| INFORMATION PROVIDED |
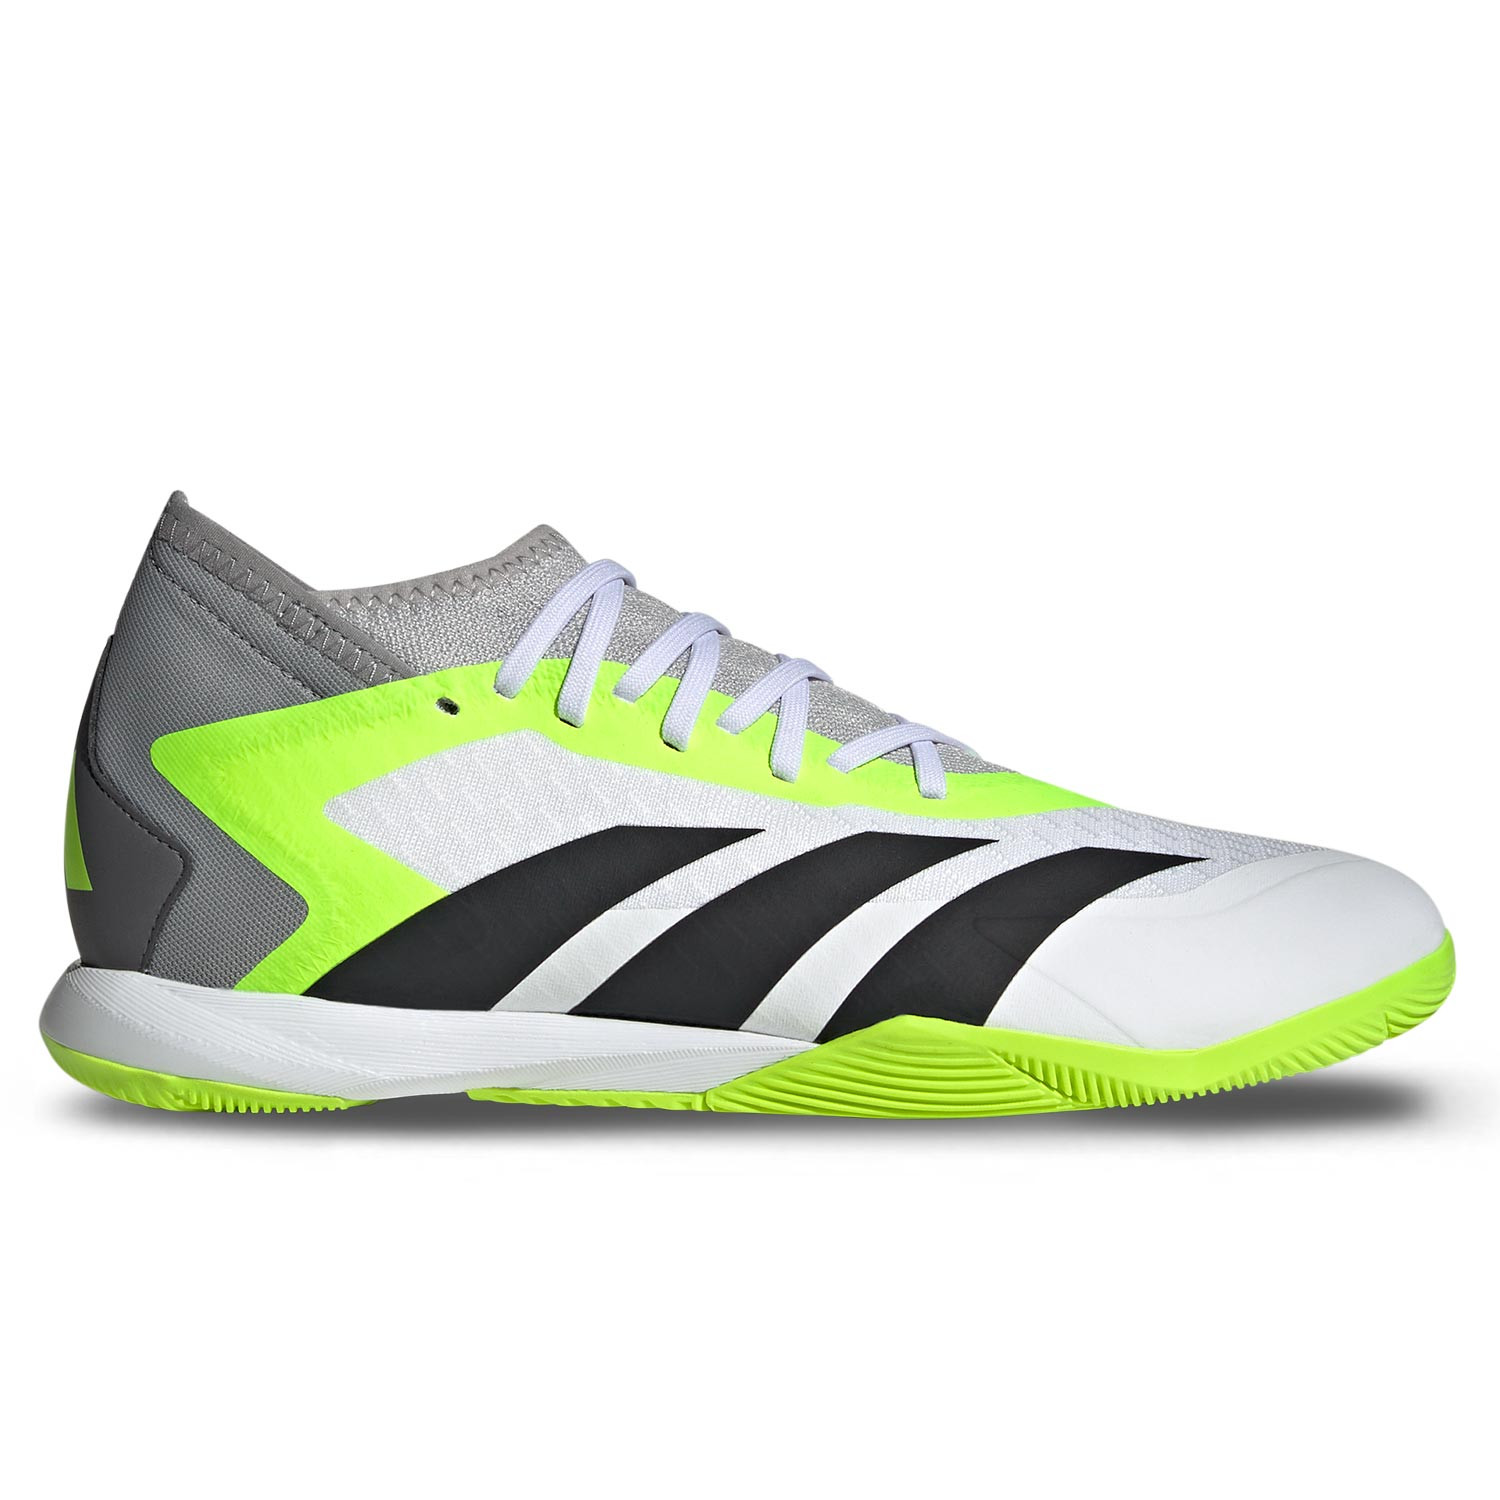 Nike Phantom fútbol sala  Zapatos de fútbol nike, Zapatos de futbol  adidas, Zapatos de futbol sala
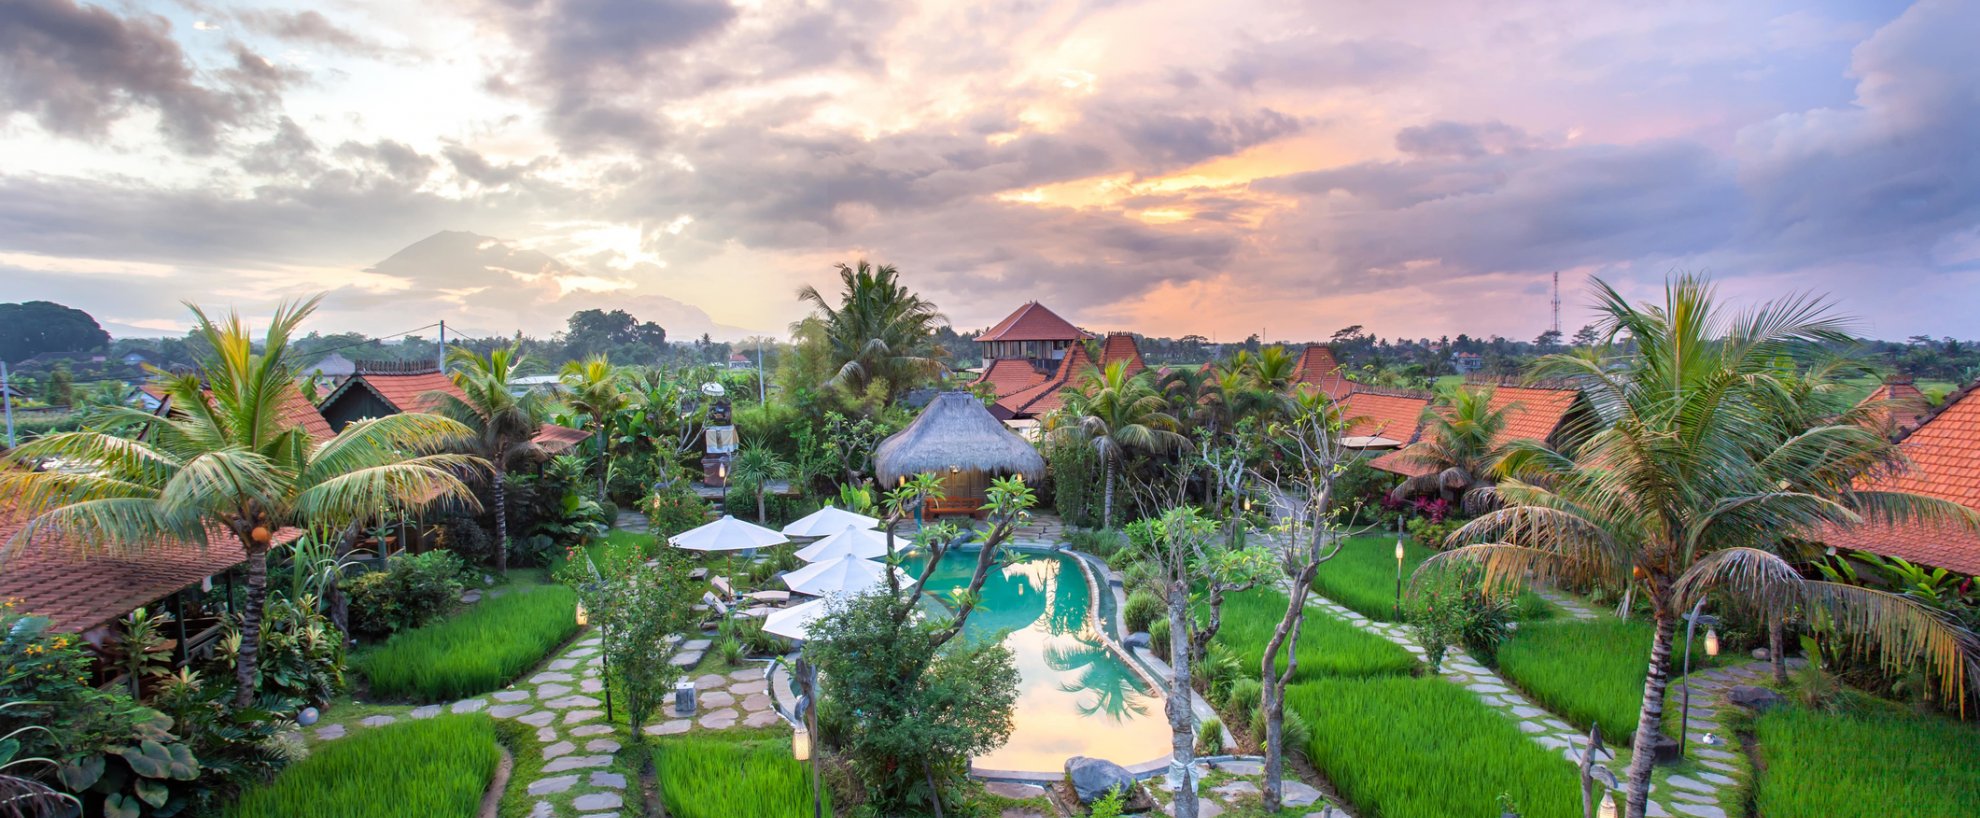 yoga urlaub reisen indonesien bali arya arkananta eco resort spa anlage oben 
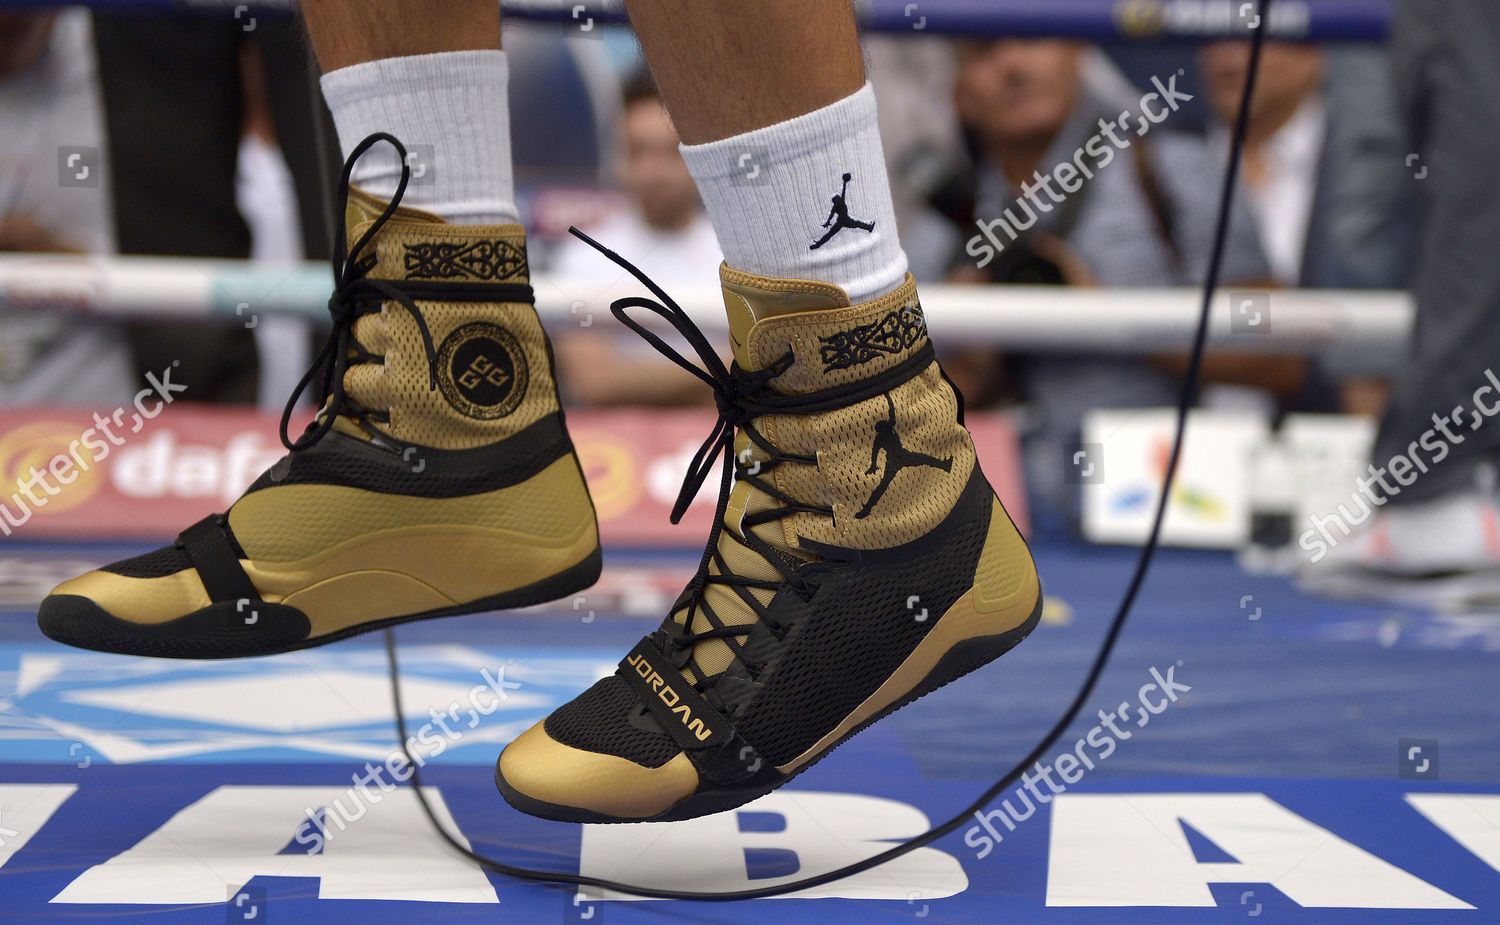 ggg jordan boxing shoes
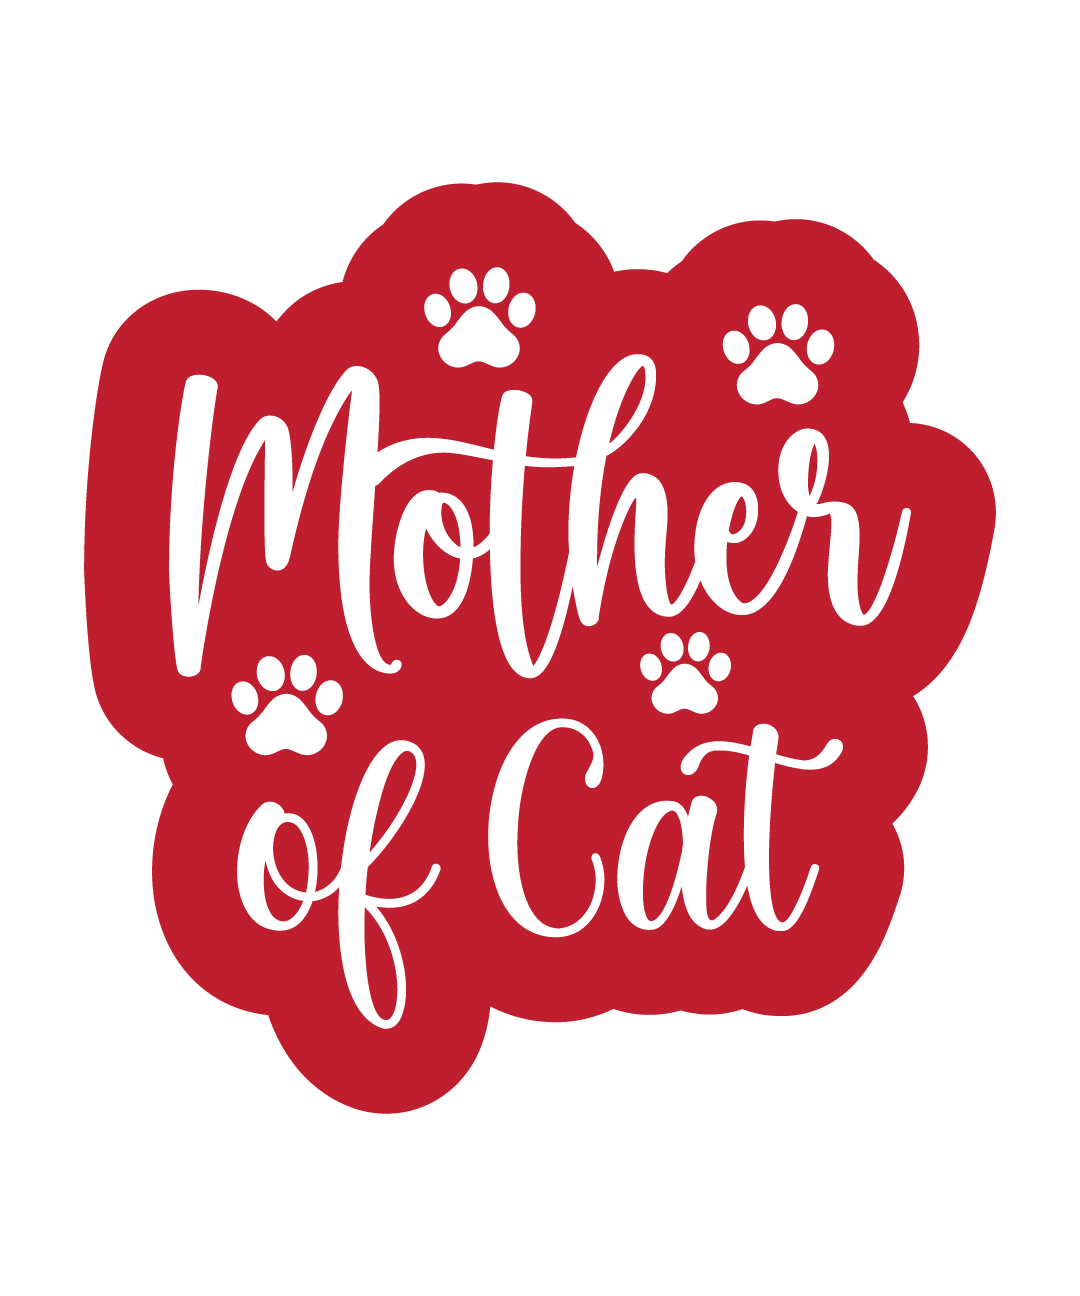 Inspirational Quote "Mother of Cat Sticker" Motivational Sticker Vinyl Decal Motivation Stickers- 5" Vinyl Sticker Waterproof
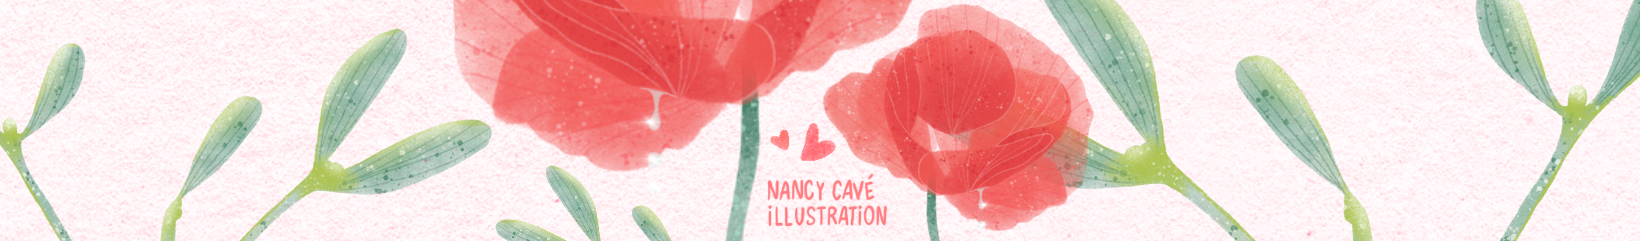 Banner de perfil de Nancy Cavé
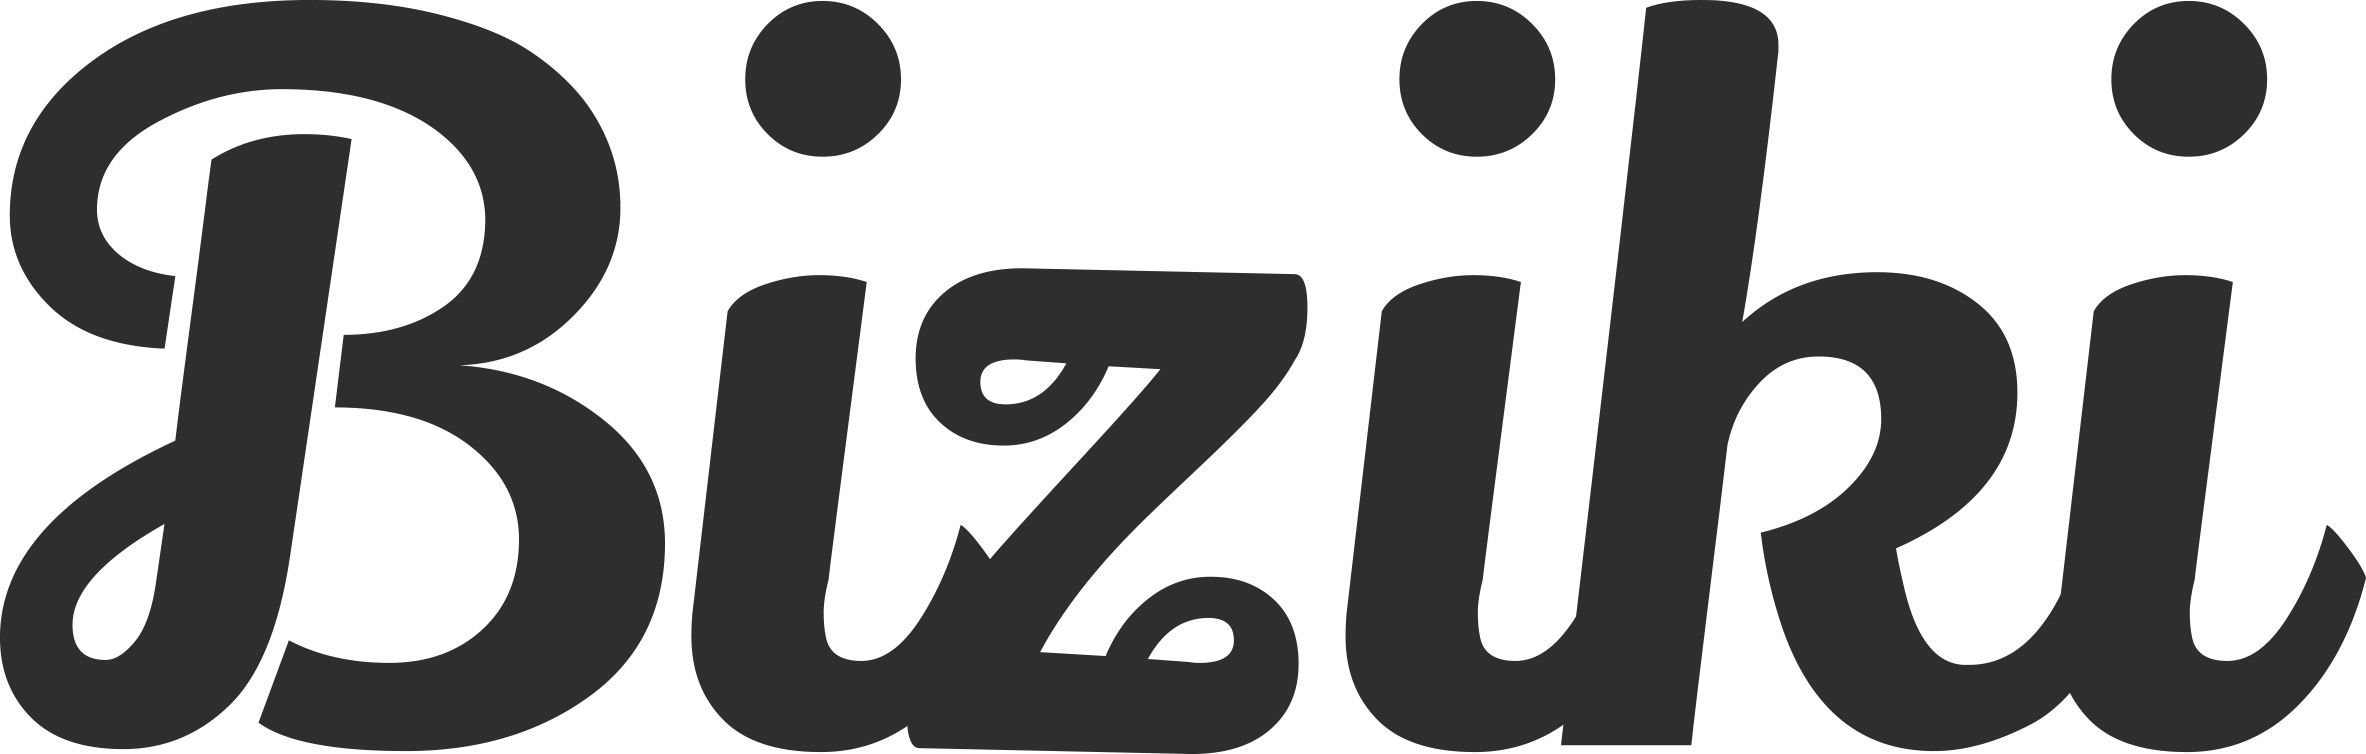 logotipo biziki 1

| PROBLEM DESCRIPTION |
Apart from the pictures, which are to be omitted, every record must be transcribed exactly.

| ANSWER SECTION |
 Nike Phantom fútbol sala  Zapatos de fútbol nike, Zapatos de futbol  adidas, Zapatos de futbol sala
 yoga urlaub reisen indonesien bali arya arkananta eco resort spa anlage oben 
 ggg jordan boxing shoes
 Inspirational Quote "Mother of Cat Sticker" Motivational Sticker Vinyl Decal Motivation Stickers- 5" Vinyl Sticker Waterproof
 Banner de perfil de Nancy Cavé
 logotipo biziki 1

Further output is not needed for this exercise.